Pais em dose dupla

A população da chamada Terceira Idade no Brasil cresce a cada ano e já sente os efeitos de mudanças positivas nos cuidados da saúde, que significam mais expectativa de vida. E esta turma grande está buscando o espaço que merece num país ainda bastante preconceituoso e ingrato, que, muitas vezes, usa as palavras “velho” e “idoso” de maneira pejorativa e até debochada. Quem dera se pudéssemos ainda entender, como alguns povos orientais, a magnitude e o respeito pelo envelhecimento! É um caminho natural, como o é a morte física. Nada mais.

Milhares de famílias nordestinas têm sobrevivido, em tempos de seca voraz, única e exclusivamente do dinheiro dos aposentados. A aposentadoria rural de um salário mínimo representa para uma boa fatia da população interiorana daquela região a única fonte de sobrevivência. São homens e mulheres (principalmente estas) que continuam a exercer integralmente o papel de pais – tanto de seus filhos quanto dos filhos destes. Ser “avohai”, como canta Zé Ramalho, é ter que agir com a sabedoria e paciência dos avós e a firmeza e agilidade dos pais.

E mesmo longe do Nordeste ou dessa realidade social tão castigada, muitos são os que terminam vivenciando, na prática, essa condição de “avohais”. As vovós, então, são verdadeiras bênçãos para muitos casais que não podem dar assistência integral a seus filhos. Considerando-se aquele velho e questionável ditado de que “ser mãe é padecer no paraíso”, uma avó que ajuda cotidianamente a cuidar dos netos pode perfeitamente afirmar que vive um padecimento em dose dupla.

Como não há um ditado parecido para o pai, nem ele como avô é tão responsável pelas tarefas mais “árduas” ao cuidar dos netos, sobra mesmo para as vovós os louros dessa “batalha”. Já é bastante comum os casos de avós que, para ajudar os filhos, assumem em parte a criação dos filhos deles.

Em tempos de crise econômica para quase todos, poucos casais escapam da necessidade de trabalhar fora, e terminam tendo nisso uma séria dificuldade em encontrar tempo disponível para se dedicar aos rebentos. Alguns resolvem a situação deixando os pimpolhos numa creche; outros contam com o serviço de babás; e outros, seja por conta do orçamento apertado, seja por não confiarem em estranhos, preferem solicitar uma ajudinha daqueles que já têm muita tarimba no assunto, não representam despesa extra (ao contrário!) e são totalmente confiáveis.
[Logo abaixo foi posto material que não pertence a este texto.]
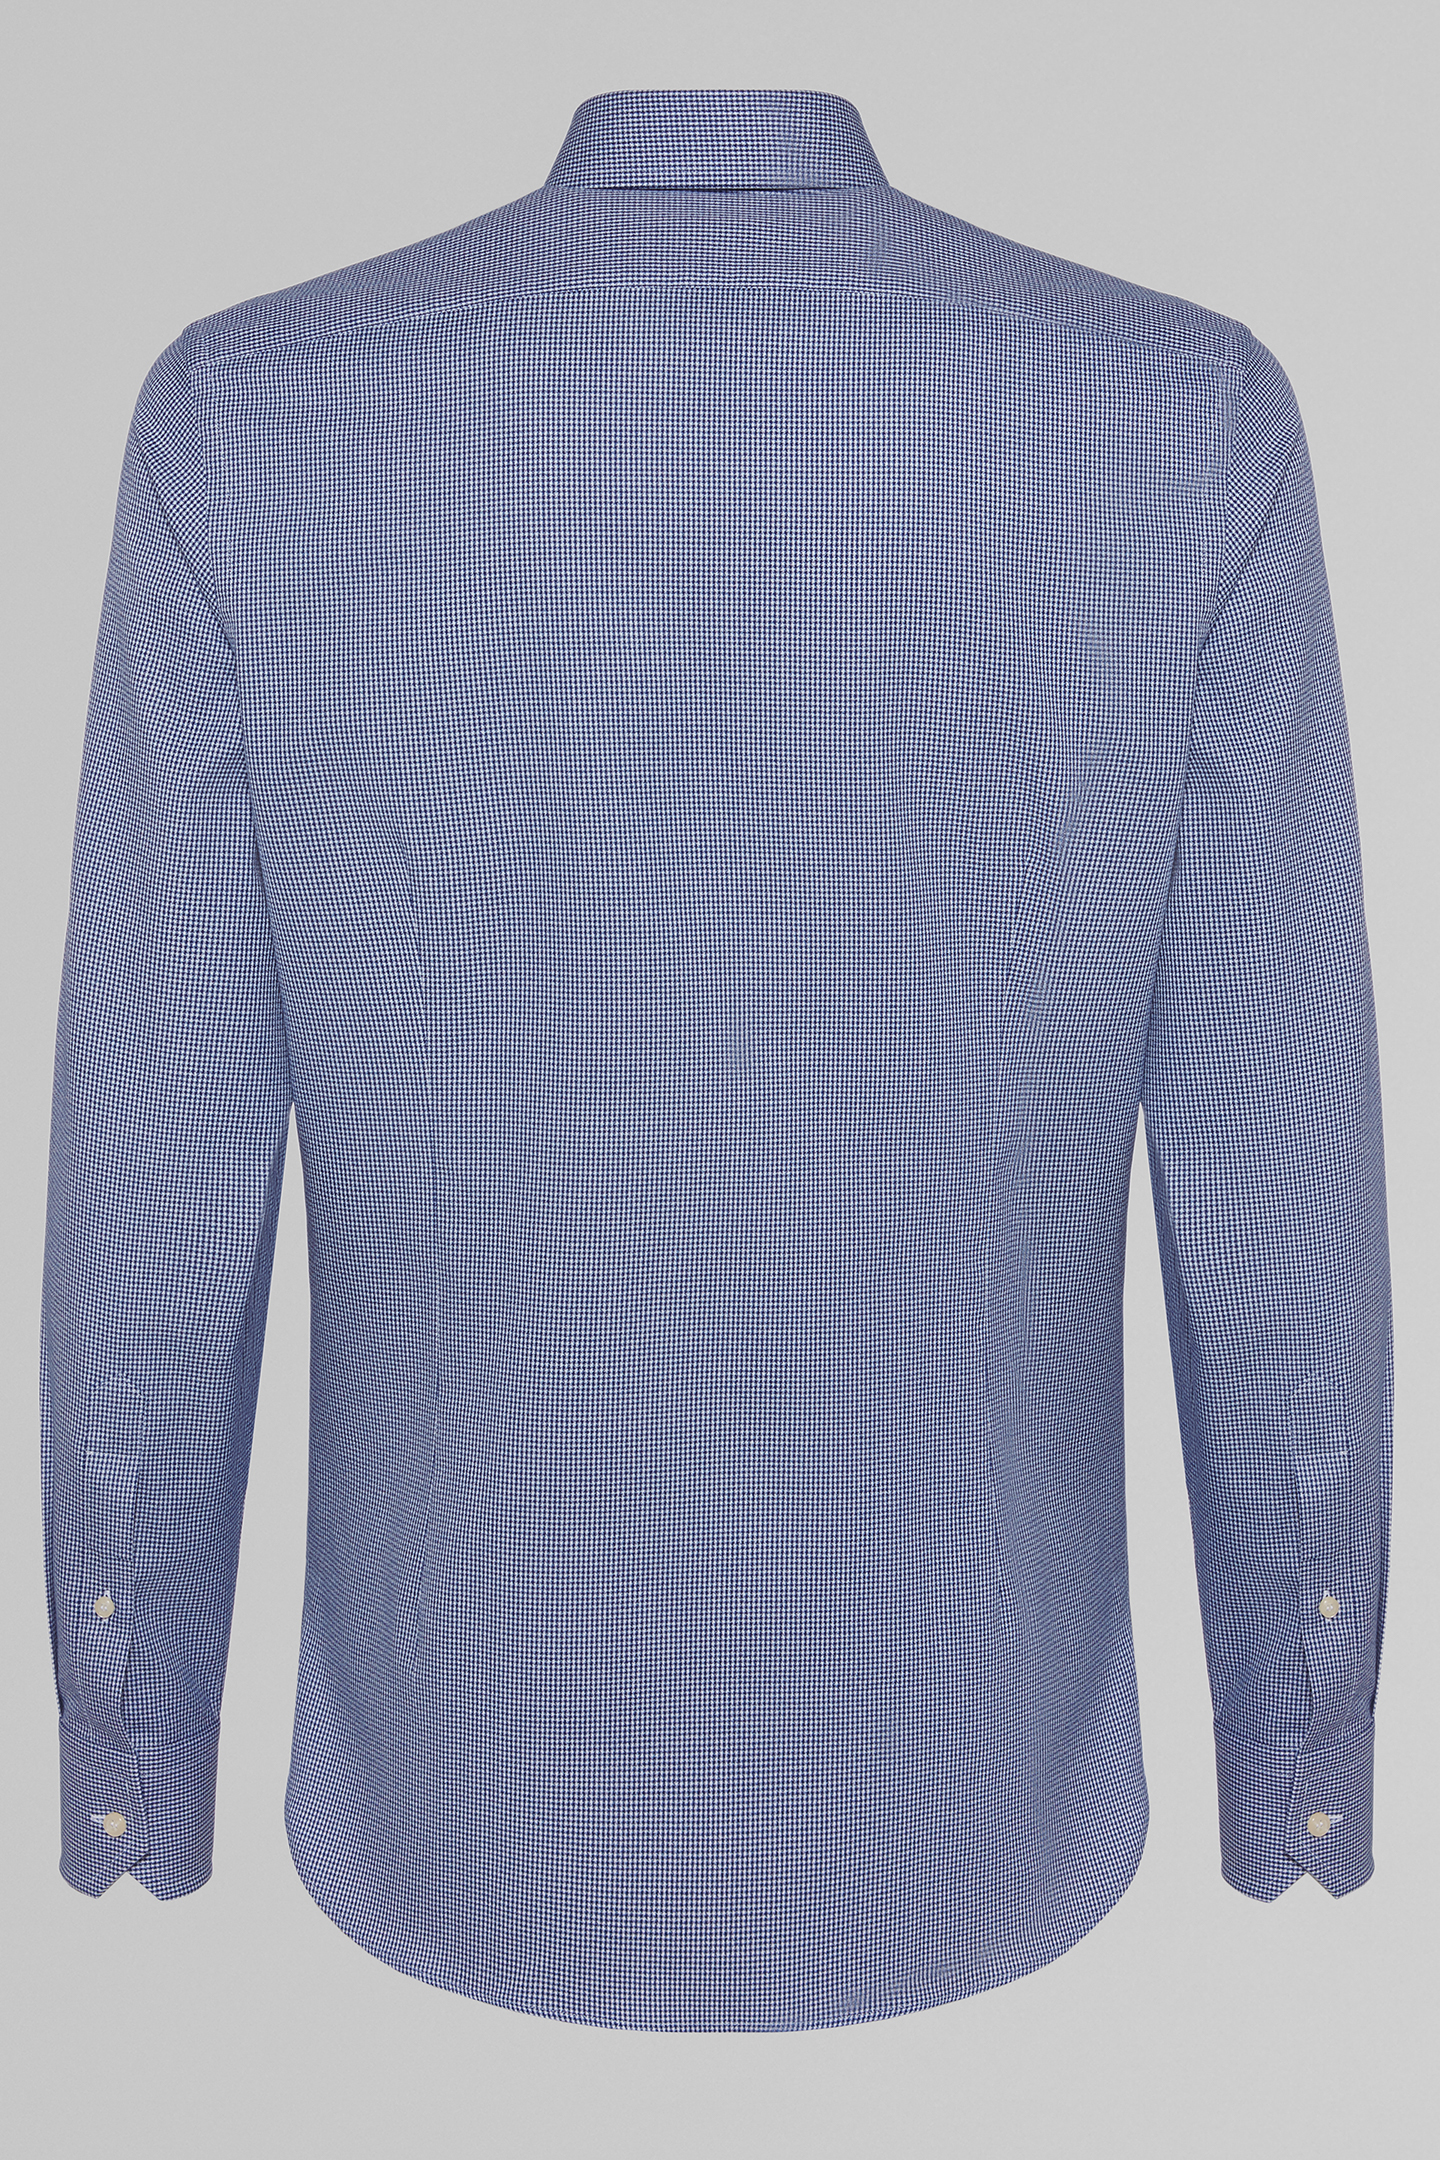 Camisa Boggi Slim Fit Azul Marino Con Cuello Windsor

Na psicologia há quem defenda a tese de que uma criança criada por pais e avós simultaneamente possa vir a sofrer uma desestruturação no seu modo de entender e vivenciar o mundo. A corrente que defende esta linha ressalta que o choque de gerações pode incutir na cabeça dessa criança valores muitas vezes contraditórios, levando-a a sérios conflitos de idéias e de comportamento.

Outros psicólogos, no entanto, vêem nesse tipo de criação um fator positivo na educação infantil. Os argumentos giram em torno do amor e cuidados normalmente dispensados pelos avós, que, mesmo estando em contato frequente com seus netos, ajudando na criação deles, a maior referência para a criança continuará sendo os seus pais.

Estudos da área afirmam que até o segundo ano a criança vive uma relação de simbiose com a mãe, mantendo-se bastante próxima dela. Já aos três anos entra a percepção mais aguçada da figura do pai, passando aí a haver uma relação triangular. Se outras pessoas, como os avós, participam de perto da sua criação, há uma possibilidade maior do vínculo com os pais não se tornar algo tão fechado e que possa até mesmo limitar a sua vida.

Independentemente da corrente que possa estar mais próxima da verdade, o que não se pode perder de vista é o valor maior que existe na Terceira Idade. Há nesta fase uma sabedoria de vida que pouco tem a ver com classe social ou conhecimento intelectual. Ela está intimamente relacionada com a capacidade de superar os muitos limites comuns da vida, que são obstáculos quase intransponíveis durante a juventude.